He is married and I regret getting involved…
I am a 25-year-old woman. I was in a relationship with a guy who is 14 years older than me and also my colleague. We were in a relationship for almost one year. But he is married. I never wanted to be in an extramarital affair but it happened in my life. I still regret it…I don’t know how to move on after a breakup.
I need relationship counselling
I never thought that at 25 I would get involved with someone 14 years older to me, that too married, but it happened. During the affair, I was in depression and sometimes considered online counselling. When I was with him I was totally frustrated thinking about the future and thinking about his wife. But I have decided to withdraw because I was sinning every time we got close. Now I am not with him. I am trying to be strong and I am trying to focus on my work and family.
The problem is that he is my colleague and he sits near my desk in the office. He still says that he loves me and wants to be close to me. I really don’t know how to get over the breakup. Sometimes I feel weak, but again I ignore him because we can’t stay together and there is no future in the relationship.
He was cheating on his wife, which I can’t digest, being a woman. And there is no guarantee that tomorrow he will not cheat on me.
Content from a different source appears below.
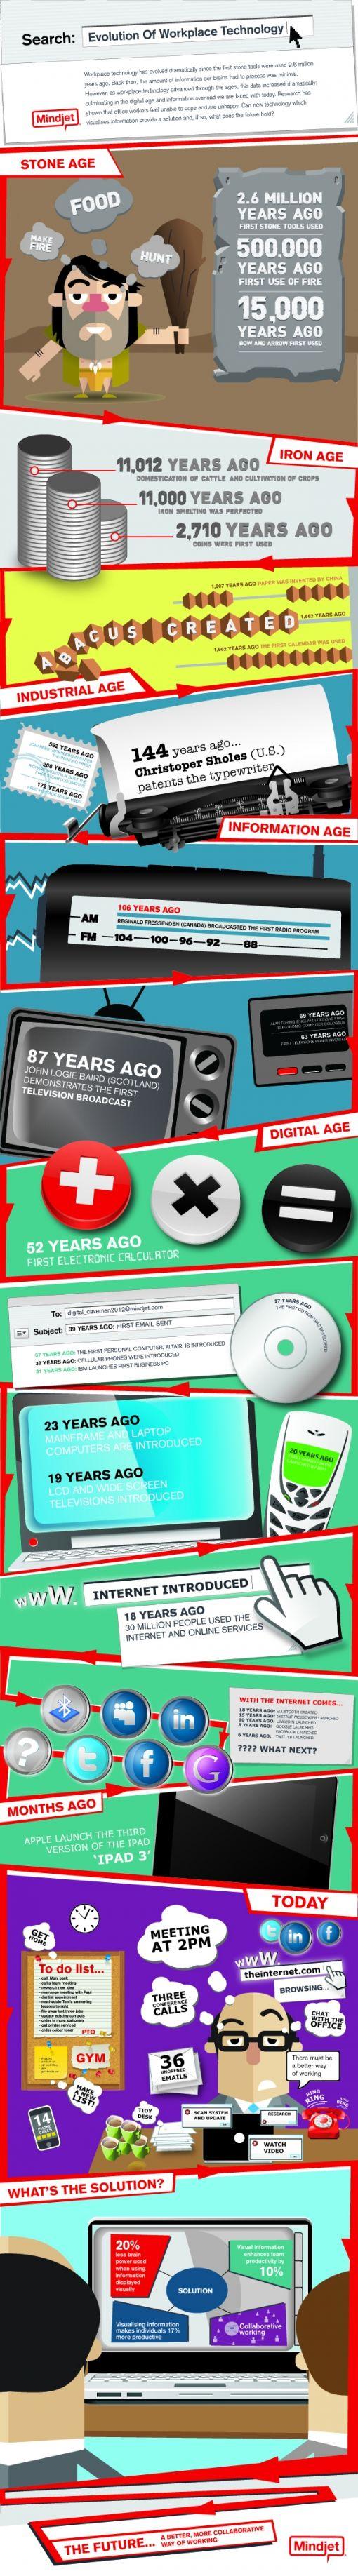 Mindjet_Digital Cavemen_Infographic

Can you please suggest to me how to ignore him politely and how to get over him emotionally. If he says something good to me I have tears in my eyes because I was too emotionally attached to him, but now I want to be strong. I sometimes wonder if relationship counselling would help me to get out of this mess. Please tell me how to move on after a breakup?
This is a smart step to get over a breakup
First of all, let me congratulate you for having taken a smart step. You are right in assuming that there is no point in continuing a relationship which has no future. Also, how can you be sure he won’t cheat on you, given his past record?
Now, to avoid him is going to be difficult. So please don’t be hard on yourself if you find yourself missing him or missing your times with him together.
But remain firm. Tell him in a non-confrontational way that all is over between you two and you want to get over him. The relationship between you is strictly professional now.
Tell him if he doesn’t stop bothering you, you will be forced to raise the matter in front of authorities at the office and even his wife might find out. He may lose his job. So it’s better for him to not reiterate his messages of love, because you are not interested.
I hope I have been able to answer your question, how to move on after a breakup?
Talk to a trusted colleague or senior if you can find one. Just stick it out and in no time you’d have moved on way ahead of this. There is no surefire formula for your question, how to move on after a breakup but with firmness and intelligence you will be able to handle the situation. Having him in the same office is difficult, I understand, but if you take the steps I told you to, you will get over this.